None of these offices could respond to press inquiries from Roll Call for this article because their press shops no longer exist.
“When handling media responsibilities, a spokesperson is responsible for conveying the opinion [or] message of that Representative,” said Salley Wood, a spokeswoman for the House Administration Committee who also handles media requests for the Clerk’s office. “Absent a Representative, there is not a message that needs to be conveyed.”
So all operations become focused on constituent services and handling casework requests. In this way, district offices experience fewer changes in the transition from political to nonpartisan office: They were already making casework and constituent services their top priority.
But in Washington, D.C., where offices prioritize legislative advocacy and have day-to-day activities that typically revolve around a Member’s Congressional schedule and political agenda, the shift requires an adjustment.
“I think that was the hardest part, not being able to advocate for any particular issue once you didn’t have a Member,” said one staffer whose boss resigned in the middle of the legislative session. “It was frustrating for many people at first.”
Everyone becomes part staff assistant, pitching in on fielding constituent calls, responding to casework requests and undertaking administrative responsibilities.
There are always gaps to fill, especially when staffers leave to take positions with other organizations or Capitol Hill offices.
Staffs also have to oversee the office’s “shutdown” — settling outstanding payments and contracts, finalizing inventory and, perhaps the most time-consuming task, archiving years and years of paperwork.
“He was kind of a hoarder,” Matthew Mazonkey said with a laugh of his former boss, the late Rep. John Murtha (D-Pa.), who died while in office after nearly 40 years on Capitol Hill. “It’s no exaggeration — it took three full months to sort through everything.”
Changing Job Duties
The handful of staffers interviewed by Roll Call who have lived through the experience of working for a Member-less office all expressed initial feelings of disorientation following the Clerk’s takeover.
“I do think it was shocking and surprising,” said Mazonkey, who now works for Murtha’s successor (and former staffer) Rep. Mark Critz (D). “One day you’re working for a Member of Congress and the next day you’re suddenly told to stop doing what you’ve been doing for your entire career and focus on something else.”
But as one staffer who worked for a Member who resigned midway through the last Congress put it, House offices “come in more flavors than at Baskin-Robbins.”

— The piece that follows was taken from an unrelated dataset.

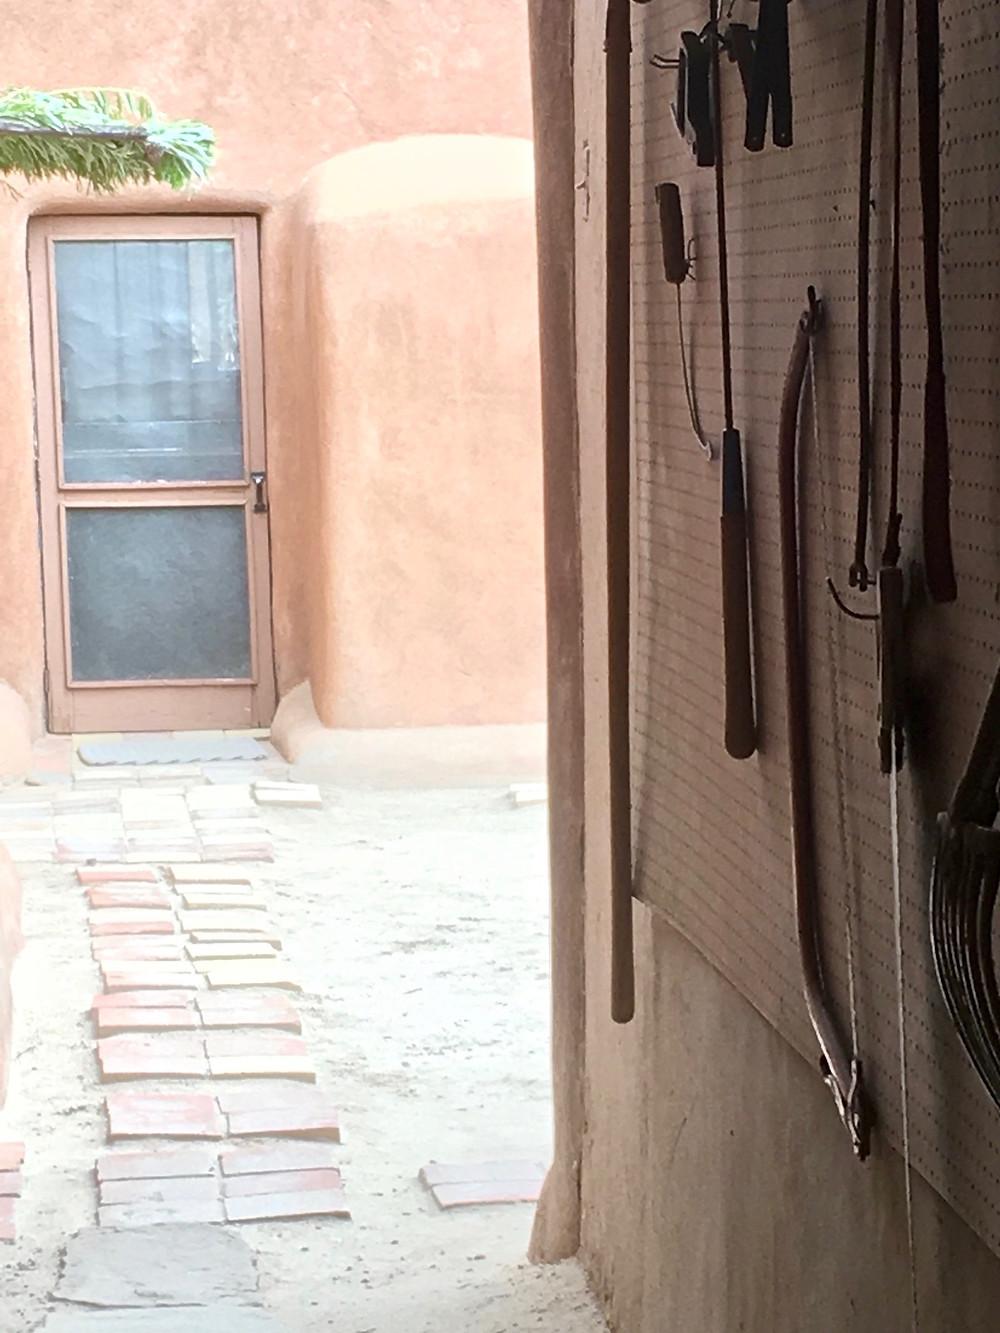 Georgia O'Keeffe Home and Studio in Abiquiu, NM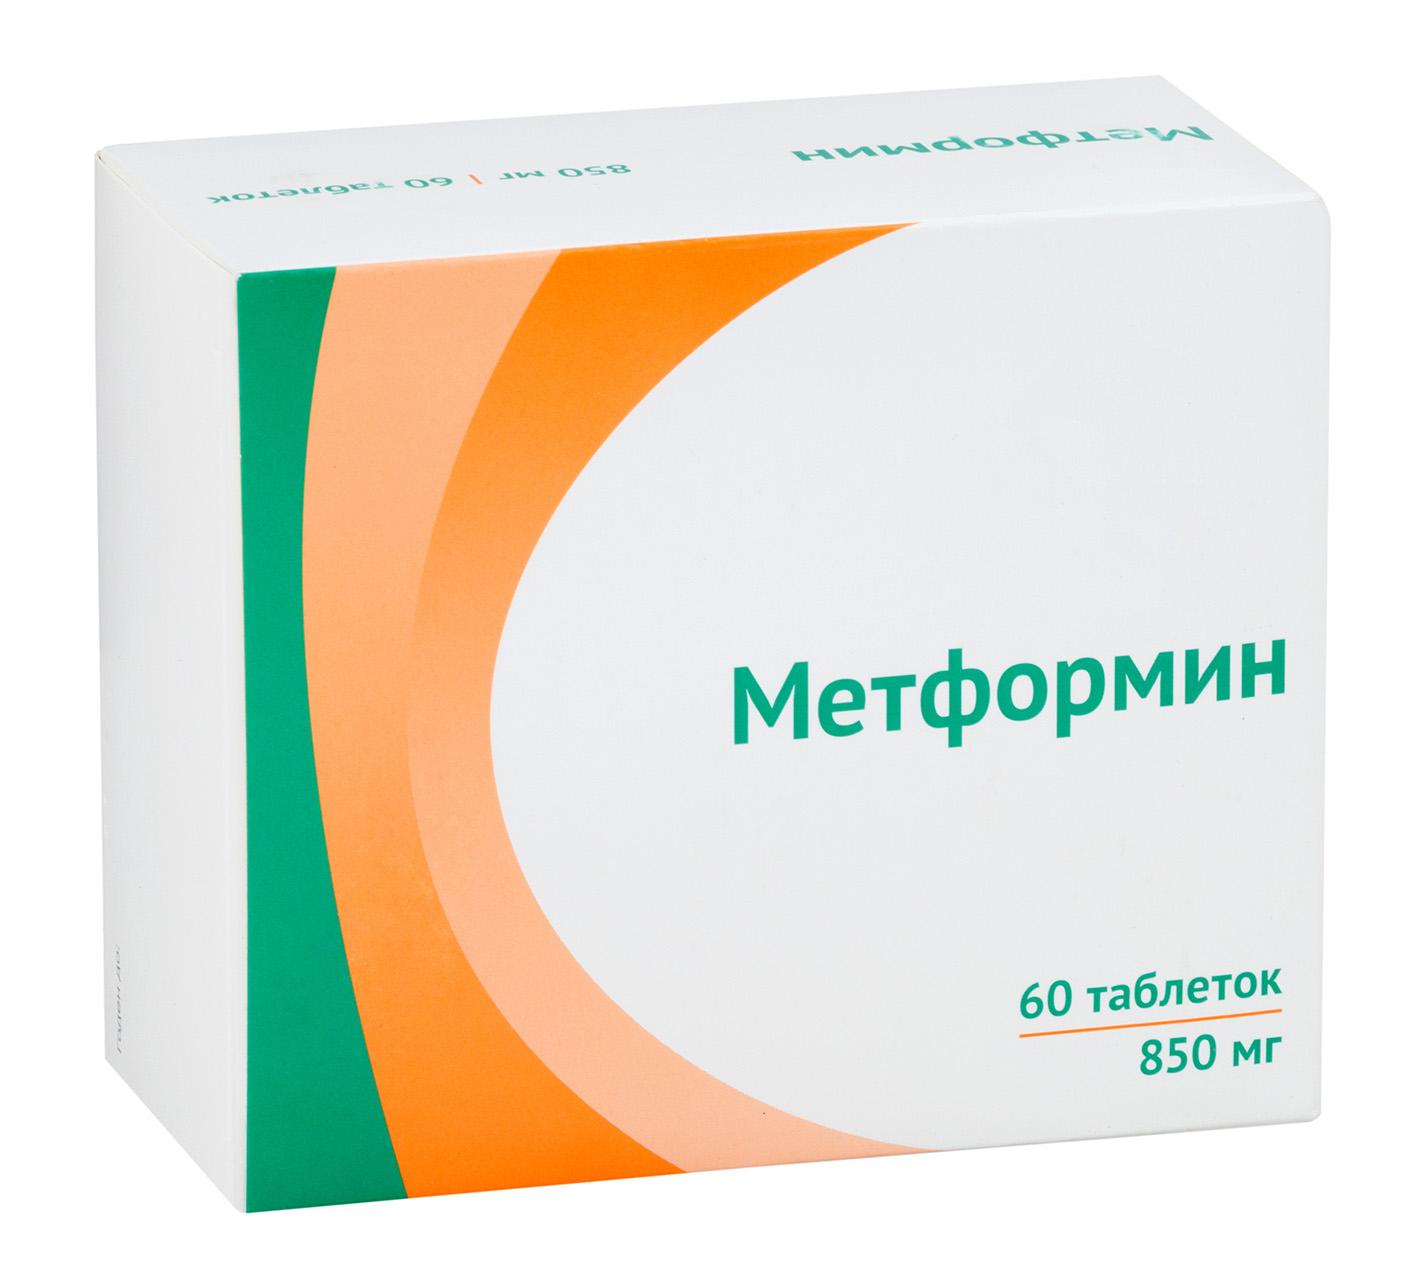 Метформин таб. 850 мг № 60 (банка)

So while there are similarities among offices in terms of their primary duties during a lawmaker’s absence, the pressures differ from suite to suite.
One staffer said his boss’s resignation came during appropriations season, forcing the team to struggle to find a way to represent constituents’ concerns for program funding when they had no lawmaker to push those concerns on the House floor.
Another staffer described a scenario in which everyone struggled to fill in the workload gaps as colleagues left in a mass exodus for other jobs.
Perhaps unique among the staffs that have dealt with Member-less offices over the past years is that of Giffords. For a year, her staff ran her Washington office with an expectation that she could return.
“We made a conscious decision early on that Gabby was elected Representative of this district and one crazed gunman would not overturn the will of the people,” former Communications Director C.J. Karamargin said. “So we assumed, and in a way we needed to believe, that Gabby would return to work. In our minds, she never left. She was injured on the job while performing her duties … and we were determined to keep the office running while she recovered.”
The staff sought out Members who allied with
Giffords in the past on many of her legislative priorities, such as border security. Staffers looked for lawmakers who could champion her causes.
“She always said that being a Representative is not just a job, it’s a job description,” Karamargin said.